REQUIRED WORK ▸ Return the whole listing exactly, omitting the pictures.

------ PROVIDED DATA

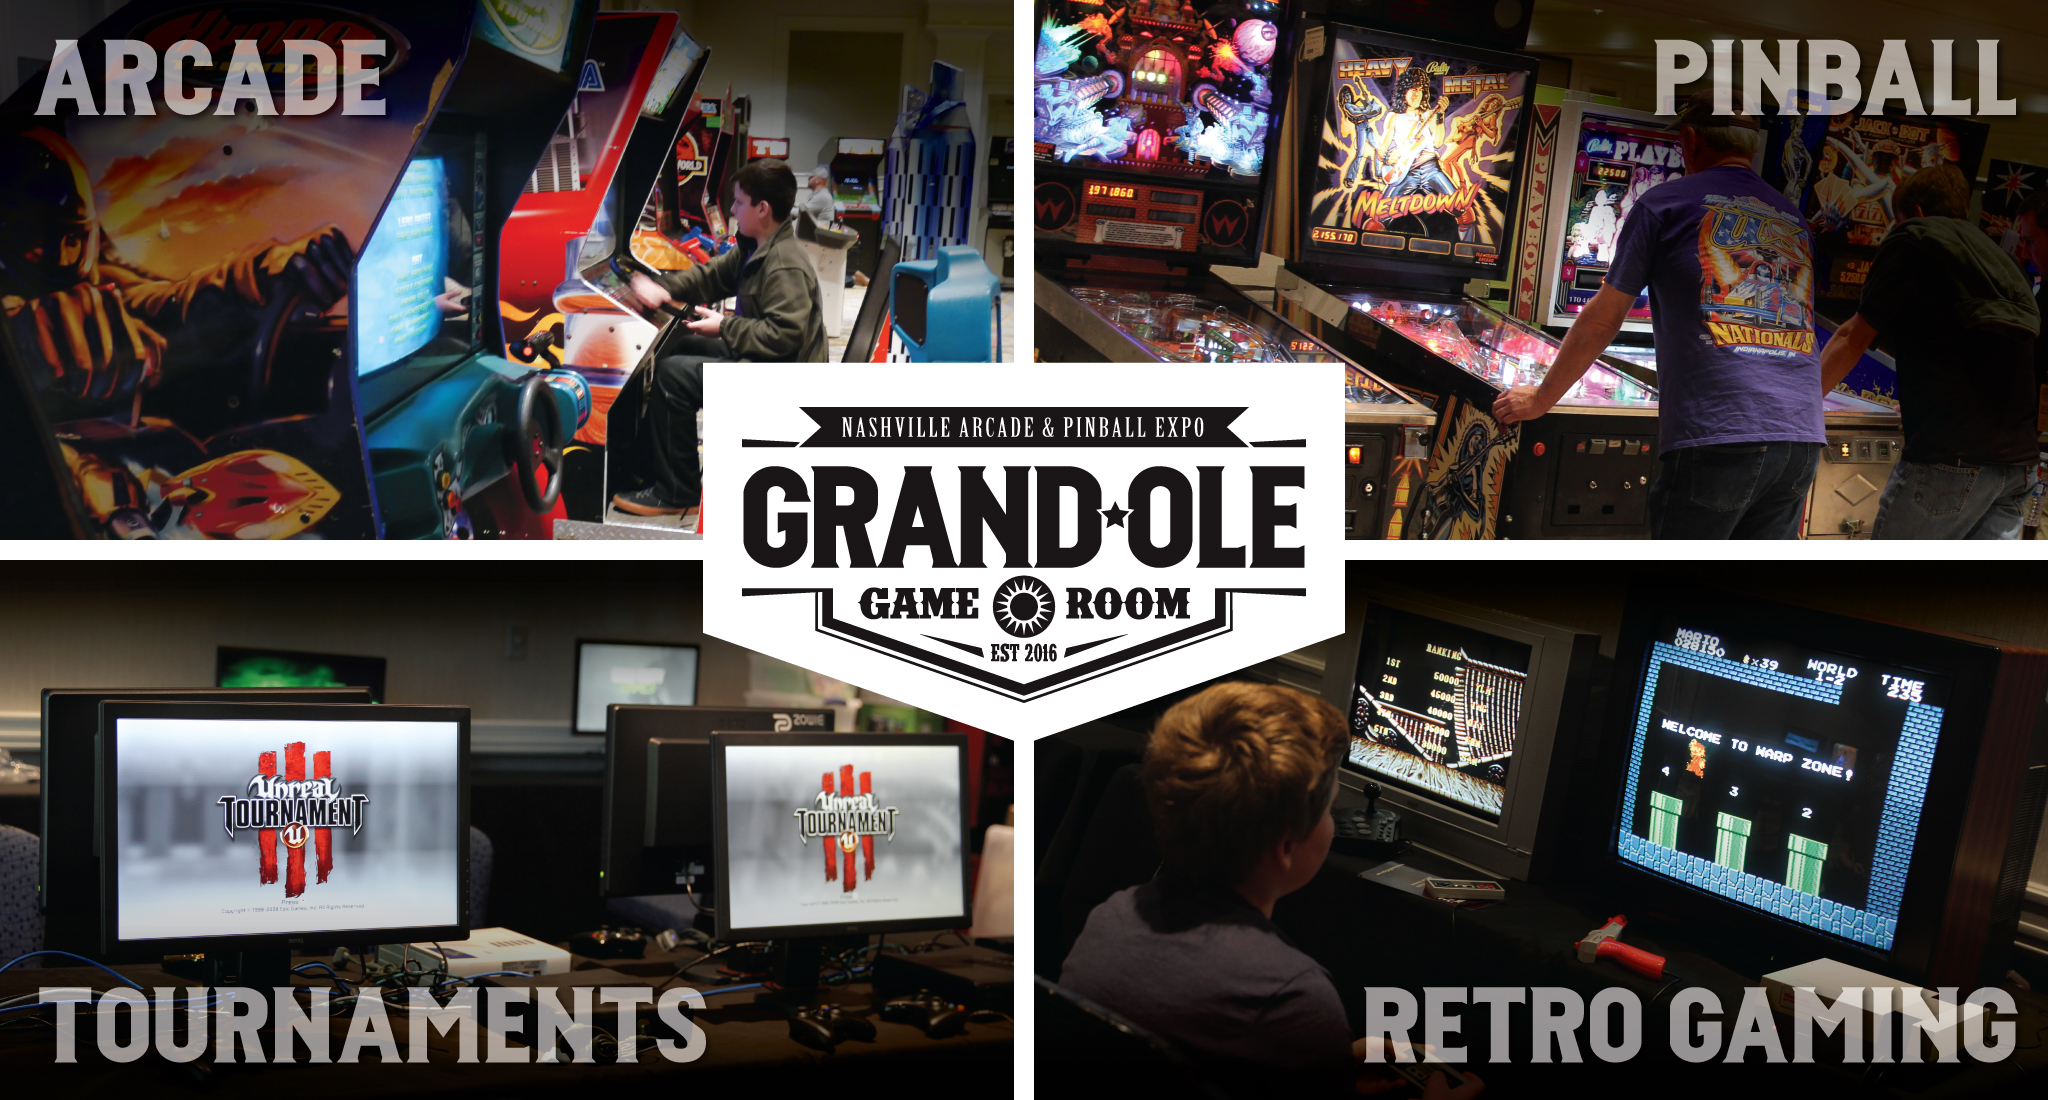 Grand Ole Gameroom Expo This Week In Pinball
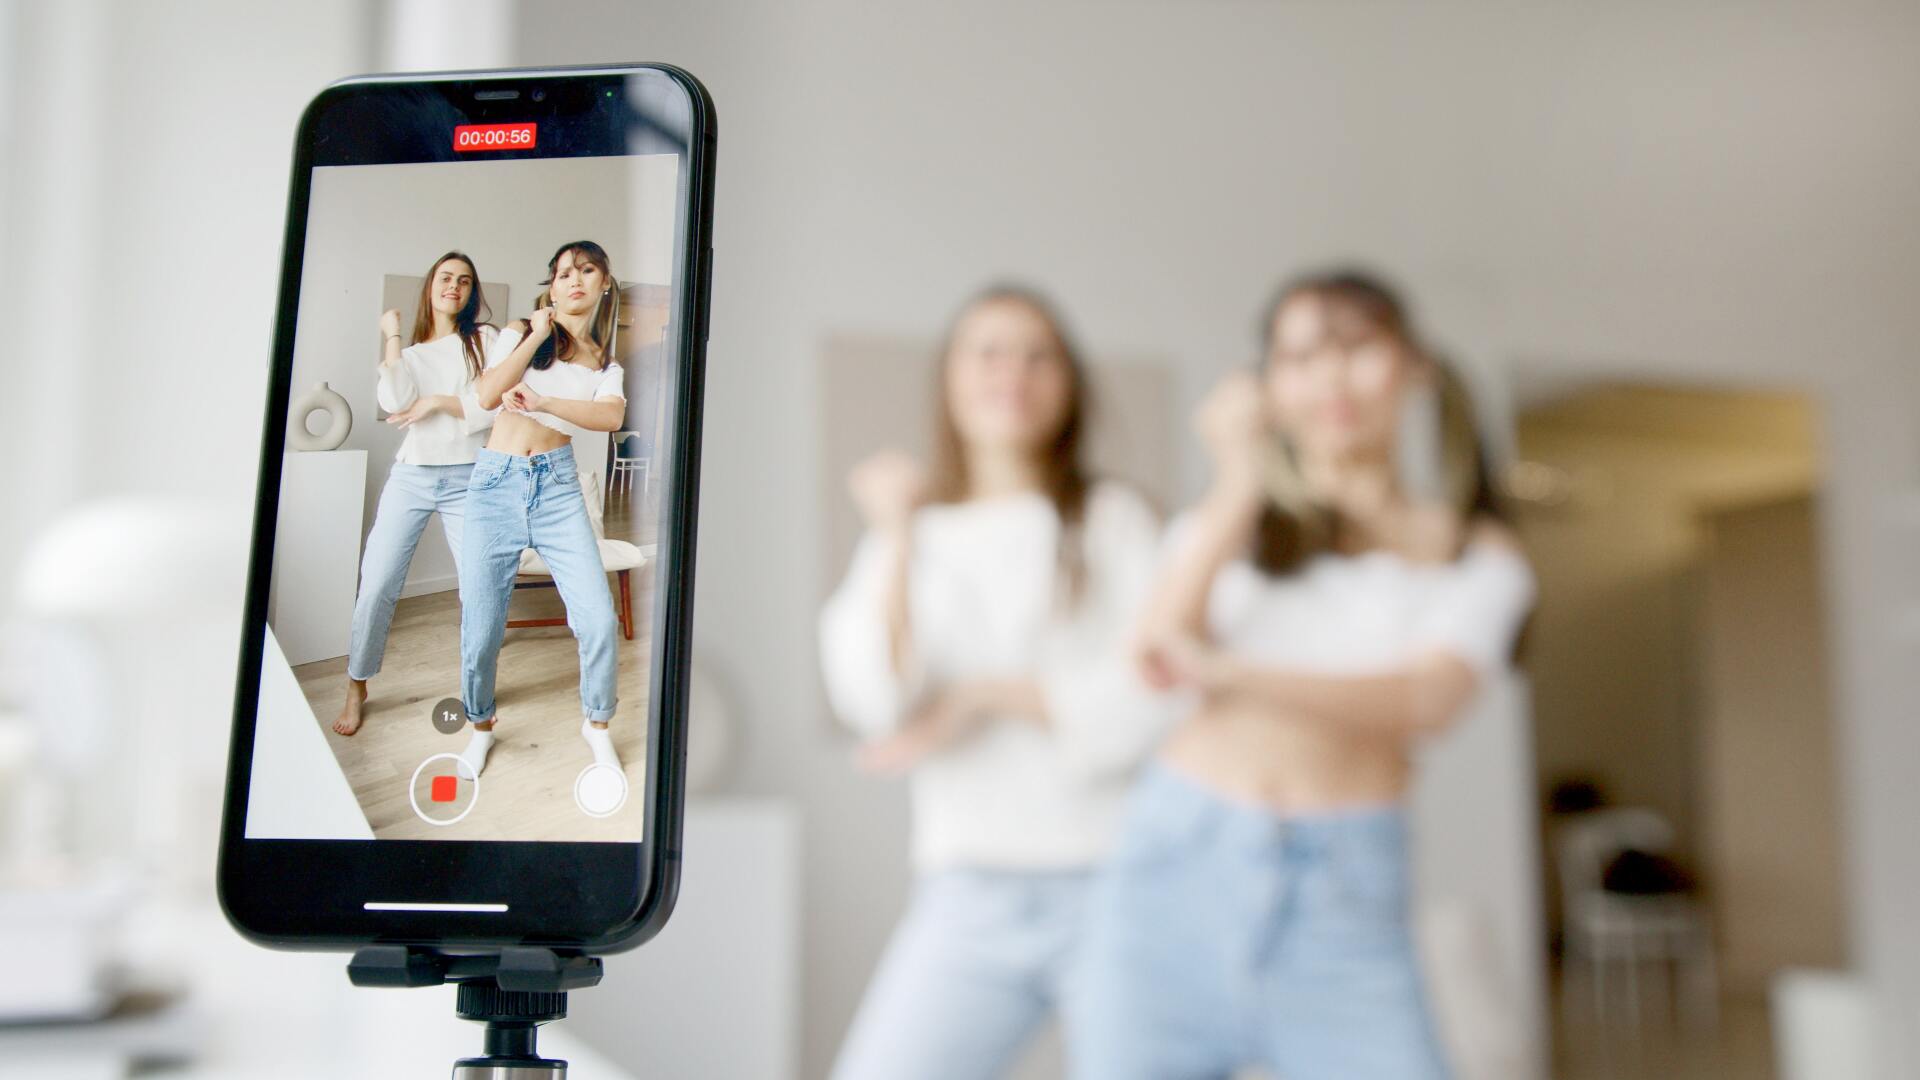 Women dancing in front of mobile phone for instagram social video
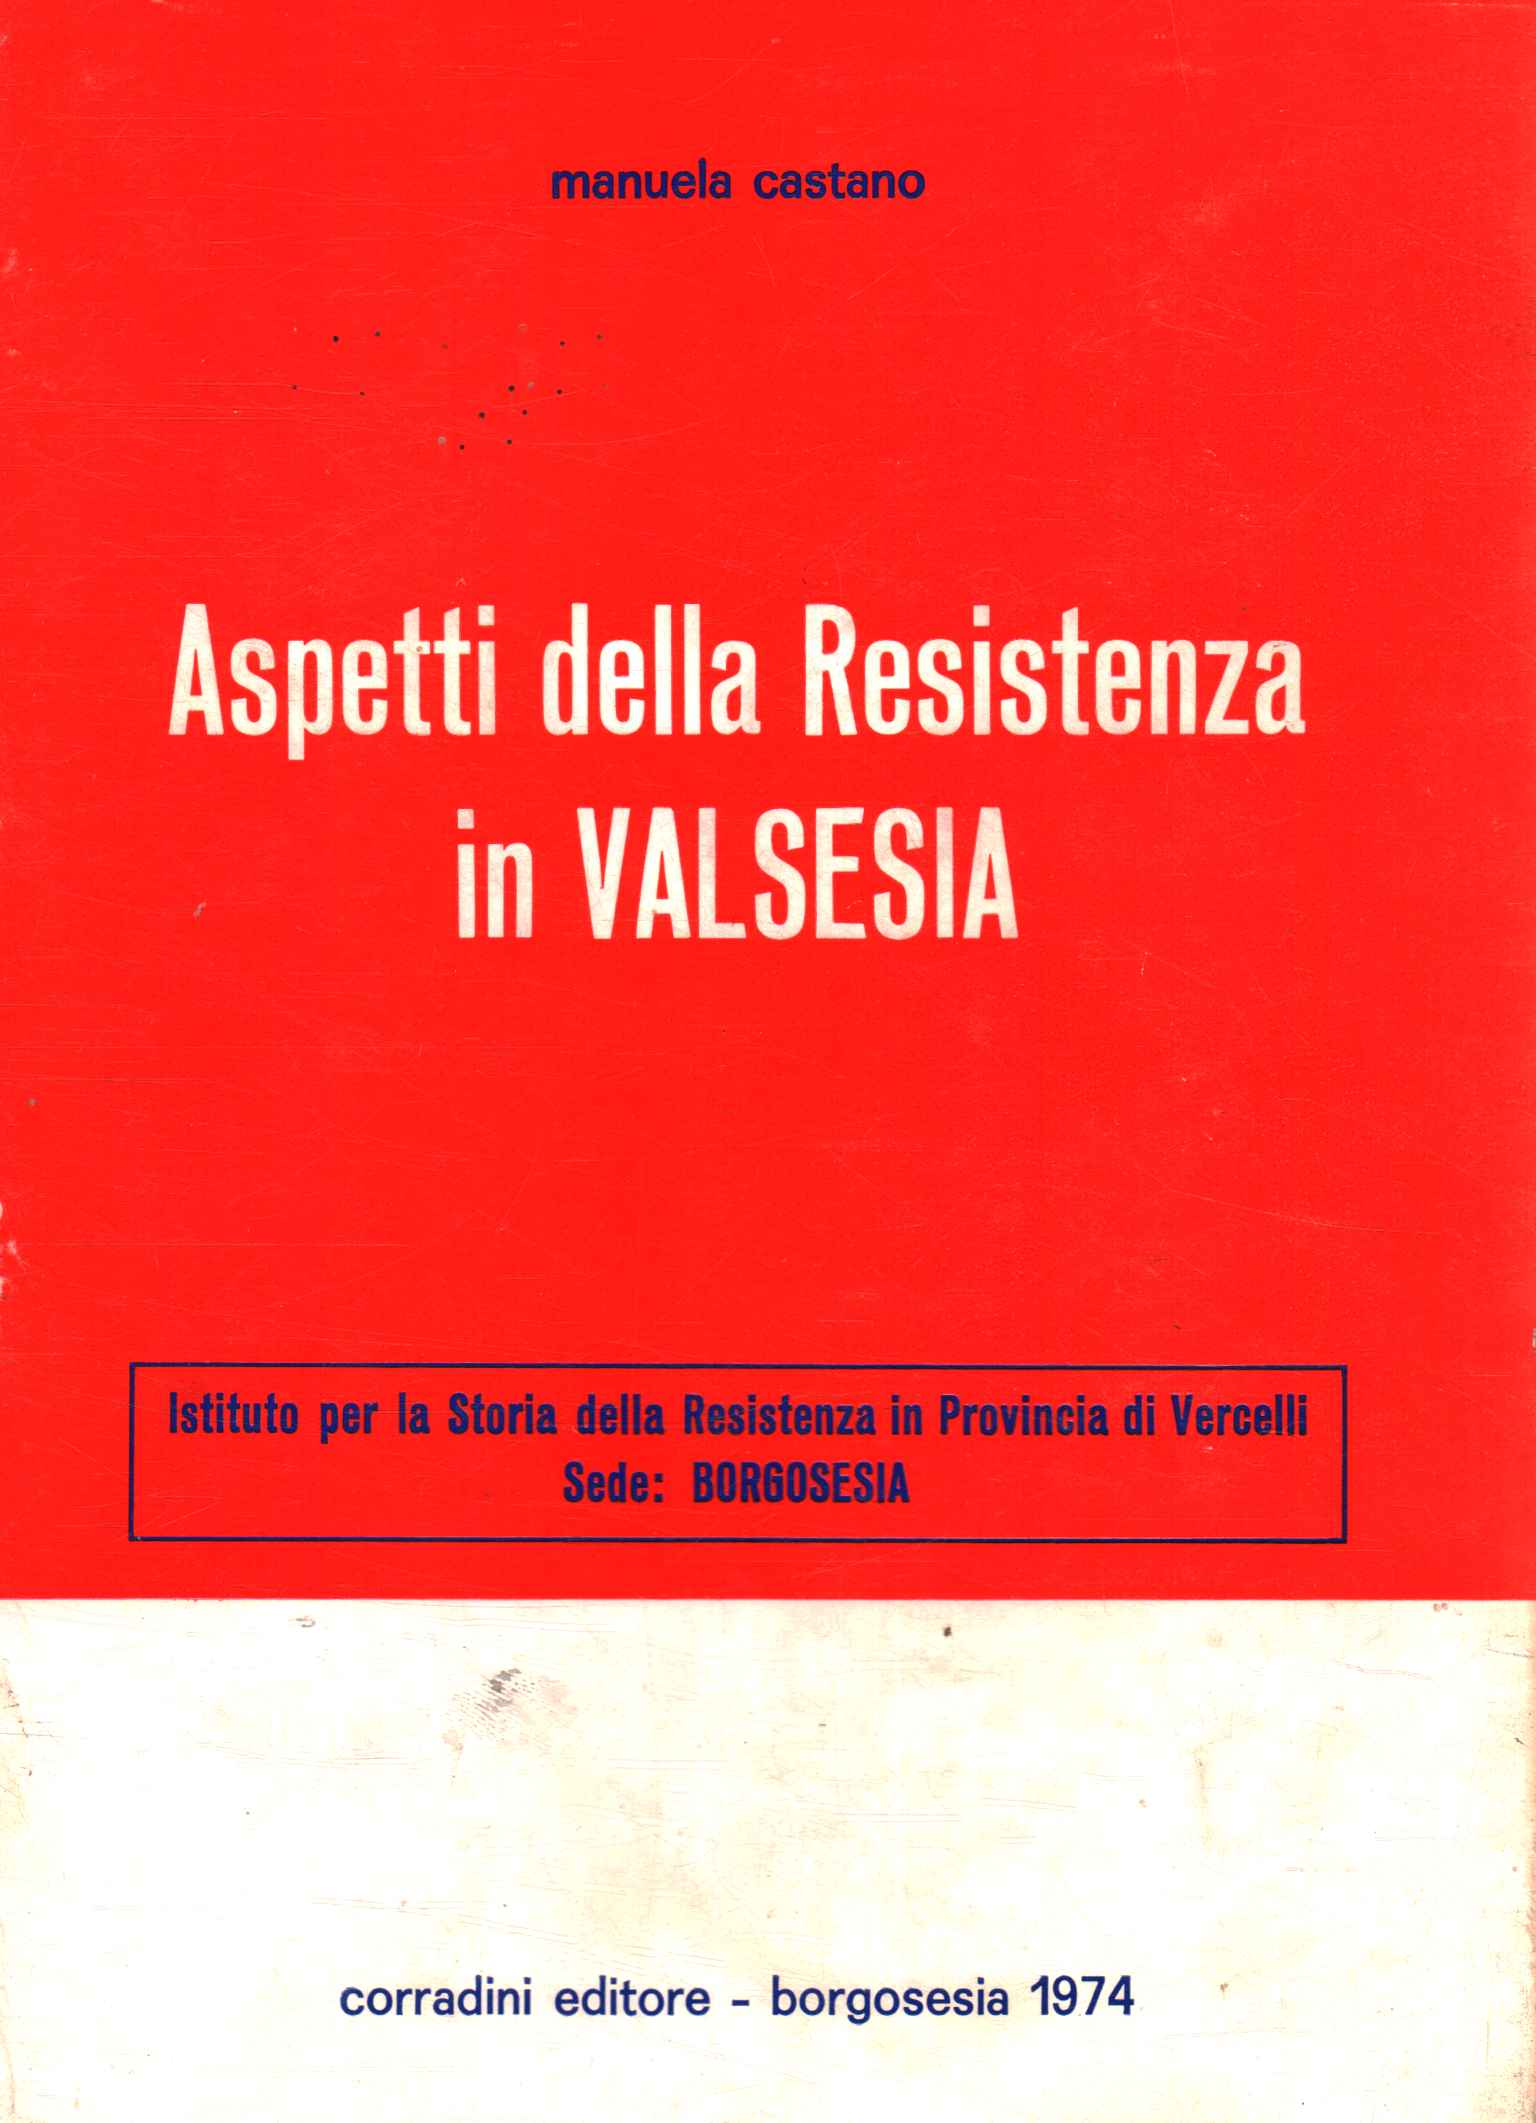 Aspects of resistance in Valsesia
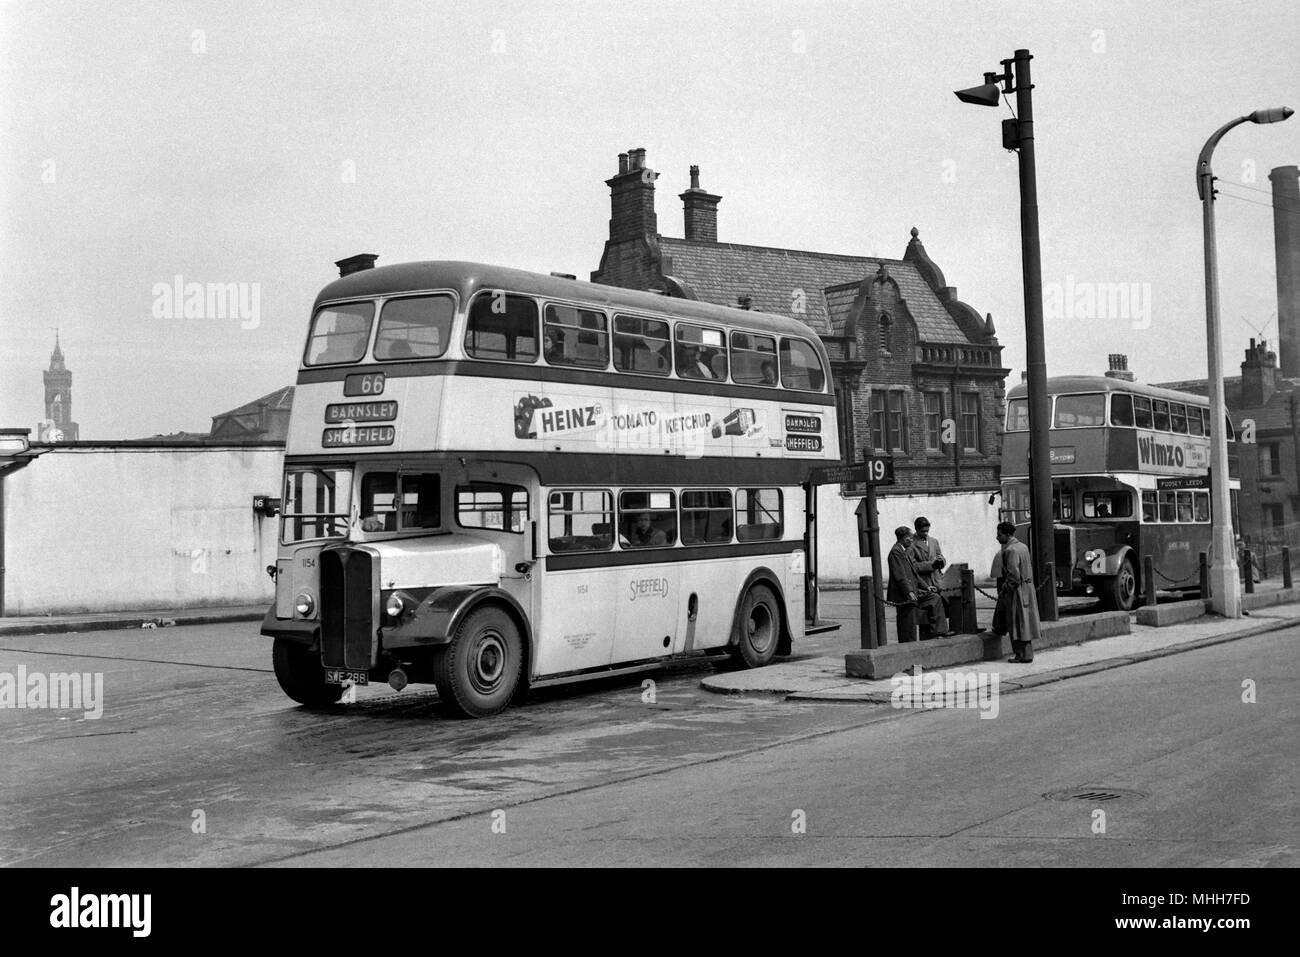 A small group of Asian men wait a bus in Sheffield, South Yorkshire. They could possibly be first generation immigrants seeking a better life 1960 Stock Photo

------------

EXPECTED ANSWER ▸
 Grand Ole Gameroom Expo This Week In Pinball
 Women dancing in front of mobile phone for instagram social video
 Aspects of resistance in Valsesia
 A small group of Asian men wait a bus in Sheffield, South Yorkshire. They could possibly be first generation immigrants seeking a better life 1960 Stock Photo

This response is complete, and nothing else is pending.